Higher U.S. Treasury yields and a stronger dollar weighed on gold on Monday, while easing supply fears ahead of Russia-Ukraine peace negotiations brought autocatalyst palladium down over 8%.
By 12:01 p.m. ET(1601 GMT), spot gold had fallen 1.07 percent to $1,936.36 per ounce, while U.S. gold futures had fallen 0.9 percent to $1,936.40.
Although gold is considered an inflation hedge, rising interest rates in the United States make owning non-yielding metal more expensive. [USD/]
Because of inflation concerns, gold’s fall should be limited, according to Jim Wycoff, the senior analyst at Kitco Metals.
“Whenever we have inflationary pressures like we have today, the metals markets have been sought after in the past, and I expect that will continue to be the case.”
The dollar increased 0.5 percent, making gold more expensive for holders of other currencies.
Hopes of progress in the first face-to-face peace negotiations between Ukraine and Russia in more than two weeks added to gold’s safe-haven appeal.
We’ve already seen a significant portion of the war premium in gold removed, but there may be more to come.
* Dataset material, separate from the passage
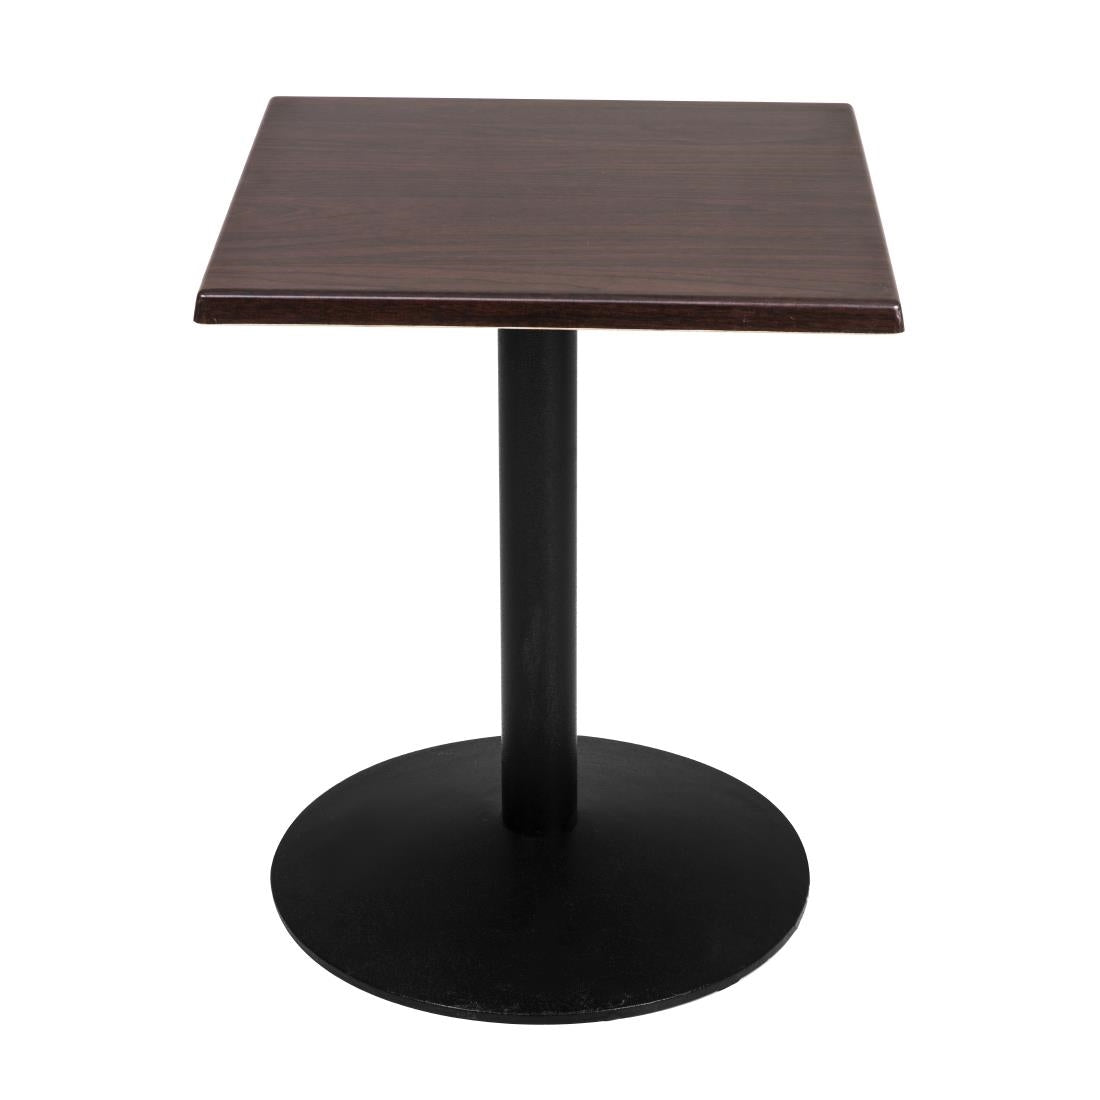 GG635 Bolero Pre-drilled Square Table Top Dark Brown 600mm JD Catering Equipment Solutions Ltd

As a result, gold is currently facing considerable headwinds,” said Ross Norman, an independent analyst.
Palladium was trading at $2,204.61 per ounce, down 5.7 percent from its lowest level since January 25. Since reaching a new high on March 7, the metal has lost approximately 34% of its value.
“Despite the airspace ban between Russia and the United States and Europe, Russia can still export palladium via alternative routes. As a result, I believe certain supply disruption concerns are dissipating “Giovanni Staunovo, a UBS analyst, stated.
Silver sank 1.9 percent to $25.03, while platinum fell 1.6 percent to $986.36.